The article uses an interesting approach to promote "Lyme denialism", the view that Lyme disease is a trivial illness that is easily diagnosed and treated as opposed to the worldwide epidemic of an often debilitating disease that affects more than 300,000 new cases annually in the USA alone (1). The discussion points to extensive uncertainties about various aspects of the neurological disease, and then concludes that, despite these worrisome unanswered questions, diagnosis and treatment of neuroborreliosis is relatively simple. There is no discussion of Borrelia cystic forms, biofilms or persister cells that complicate diagnosis and treatment. Relapsing fever Borrelia (RFB) and RFB-like strains such as B. miyamotoi and B. mayonii are brushed aside because "very few human infections" with these organisms have been identified, mainly because routine clinical testing for these Borrelia species does not exist. There is no mention of SPECT brain scans that may be useful in diagnosis of brain inflammation in neuroborreliosis patients (2), and tickborne coinfections such as Babesia microti, Babesia duncani, Anaplasma, Ehrlichia, Bartonella and Rickettsia that may cause significant neurological complications are completely ignored. Thus the article inhabits a simplistic world that was already obsolete 20 years ago.

A good example of the misinformation contained in this document is the statement that the erythema migrans (EM) "bullseye" rash is found in "90% of infected children" with Lyme disease. This exaggerated EM prevalence is based on a study that defines Lyme disease according to CDC surveillance criteria, which rely heavily on the EM rash for diagnosis. Thus due to this circular reasoning, patients with an EM rash were significantly over-represented in the study. A more realistic contemporary clinical study of neuroborreliosis in children put the rate of EM rash at 27% (3). This more realistic EM prevalence indicates that diagnosis may not be that simple in children with neuroborreliosis.

The article restates the myth that two-tier Lyme testing has "high sensitivity and specificity" for diagnosis. This statement ignores evidence for the dismal sensitivity of CDC-sanctioned two-tier testing (4,5). For patients with neuroborreliosis, the allegedly high test sensitivity is based on circular reasoning: to be included in this category, patients were required to have positive Lyme testing, and then they had positive Lyme testing! This type of faulty reasoning is presented uncritically throughout the article.

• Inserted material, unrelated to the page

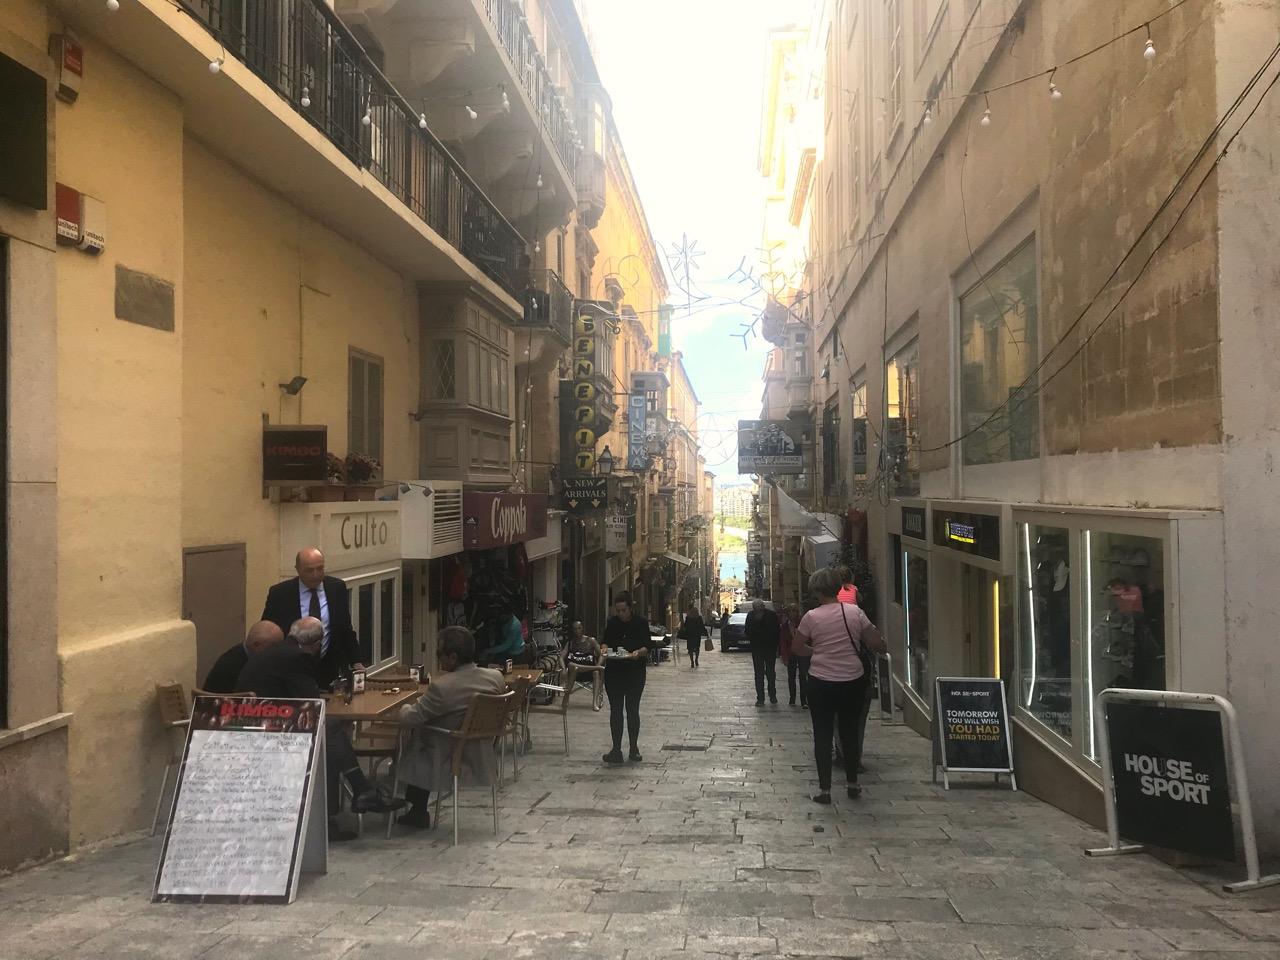 ヴァレッタのレストラン街

The article relies heavily on information from the review by Steere et al. (6), which has an extensive critique in PubMed Commons. Many of those criticisms apply to this article as well.

References

(1) Stricker & Johnson, PLoS Pathog 10(1): e1003796.

(2) Donta et al, Clin Nucl Med. 2012;37:e219.

(3) Bingham et al, Pediatrics. 1995;96:1053.

(4) Stricker et al, Expert Rev Anti Infect Ther. 2005;3:155.

(5) Cook & Puri, Int J Gen Med. 2017;10:113.

(6) Steere et al, Nature Rev Dis Primers. 2016;2:16090.

Disclosure: RBS is a member of the International Lyme and Associated Diseases Society (ILADS) and a director of LymeDisease.org. He has no financial or other conflicts to declare.